Stop Asking Me If My Friends Are Single

After a boring few weeks of winter break, my friends and I had planned to go to the club together. After my ritualistic hour of getting ready plus hour of nitpicking myself in the mirror, I was feeling myself. My three friends and I chugged our cheap wine and hopped in an Uber, taking selfies and asking our driver about his home country (he offered the information, we weren’t being racist). As we were standing in line for the club, a guy came up to me. I put on my best “confident and sexy and definitely not obliterated” face. He leaned over, and this was our conversation:

Him: “Hey, your friend is cute.”
Me: “Thank you!”
Him: “Not you, you stupid bitch, I meant your friend!”
Him: *gets dragged away by apologetic friend while he steams with rage*

This was not the first time someone had said that to me. Yes, I’ve been called a stupid bitch before, but that’s not what this column is about. That night at the club, my friend and I were wearing nearly identical outfits. For Halloween, my basic best friend and I were “partners in crime” and someone asked me if the “cuter robber” was single. If I had a dollar for every guy who came up to me and asked if he could buy my friends a drink, every round would be on me. Forever. Why is it that I’m constantly used to get to my friends?
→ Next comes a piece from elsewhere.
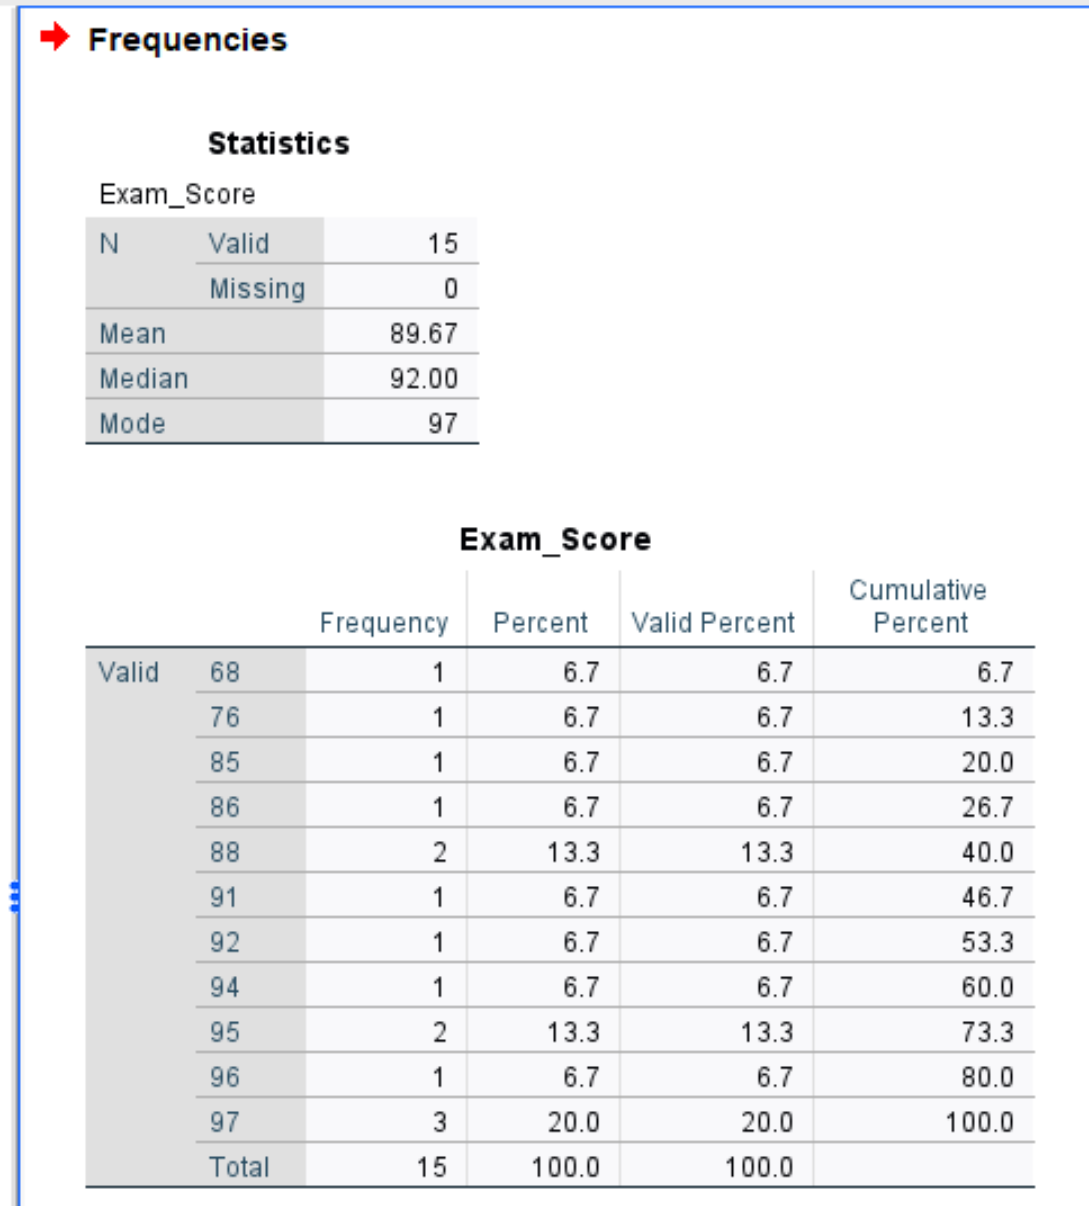 SPSS mean median and mode

This little immature maneuver pigeonholes me as the perpetrator’s reluctant wingwoman. There has never been an instance where a random guy comes up to me to ask me about my friend and is overwhelmed by my beauty that he changes his mind after staring into my sweet baby blues. There has also never been and instance where a random guy comes up to me, asks me about my friend, and I happily oblige and I set them up and they have a beautiful night and morning after together. This goes one of one ways. A random guy asks me if my friend is single, I tell him no whether or not she is, and tell him to fuck himself. Is this partially because I’m jealous? Absolutely. My loud mouth and approachable face are getting everyone laid except for me. But mostly, I am looking out for my friends. They deserve a guy who will sack up and ask her to dance himself. I have given many an unwanted lecture to guys about how they are doing it all wrong. Girls want to be the first one the guy approaches so they get to share the news later, not get a note passed to them like we are back in junior high. “DTF? Check yes or no.”
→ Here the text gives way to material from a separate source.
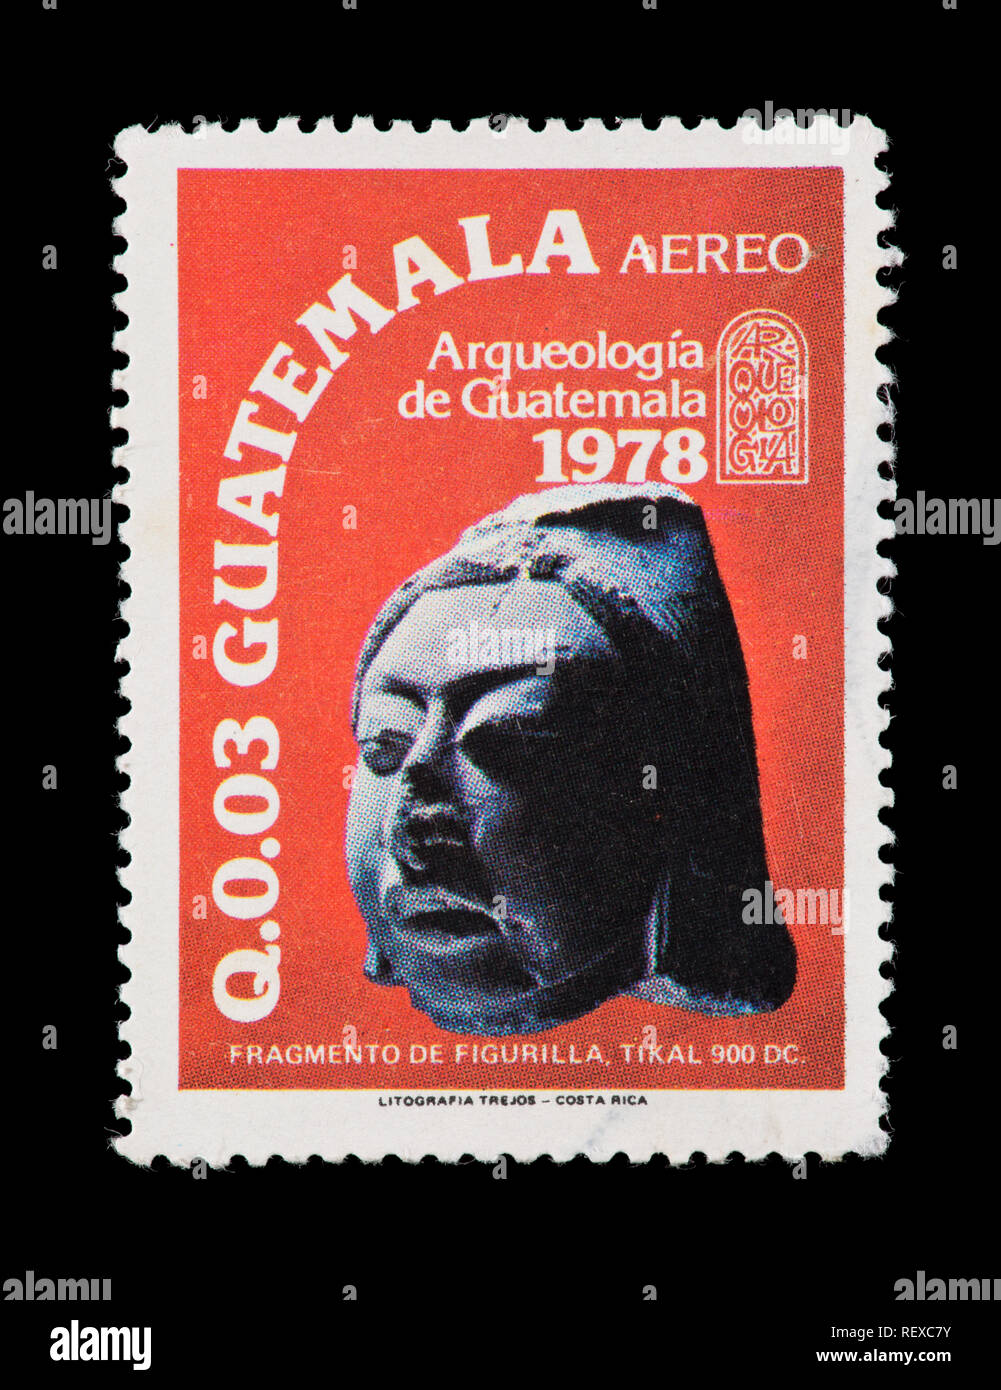 Airmail postage stamp from Guatemala depicting a ceramic woman's head from about 900 A.D, from Tikal. Stock Photo

This is not to say that I don’t like being the wingwoman for my friends. I love setting people up because if it works out, then they are forever indebted to me. Well, yeah, and they are happy and that makes me happy, but I mainly do it for the recognition. I don’t have that same loyalty to weenies in bars. The way I look at it, strangers find me easy to talk to, and that’s never a bad thing. My goofy and welcoming demeanor will work to my advantage one day. In the meantime, I will be the Mama Bear, protecting my pretty cubs from douchebags with terrible game. It seems to be my calling.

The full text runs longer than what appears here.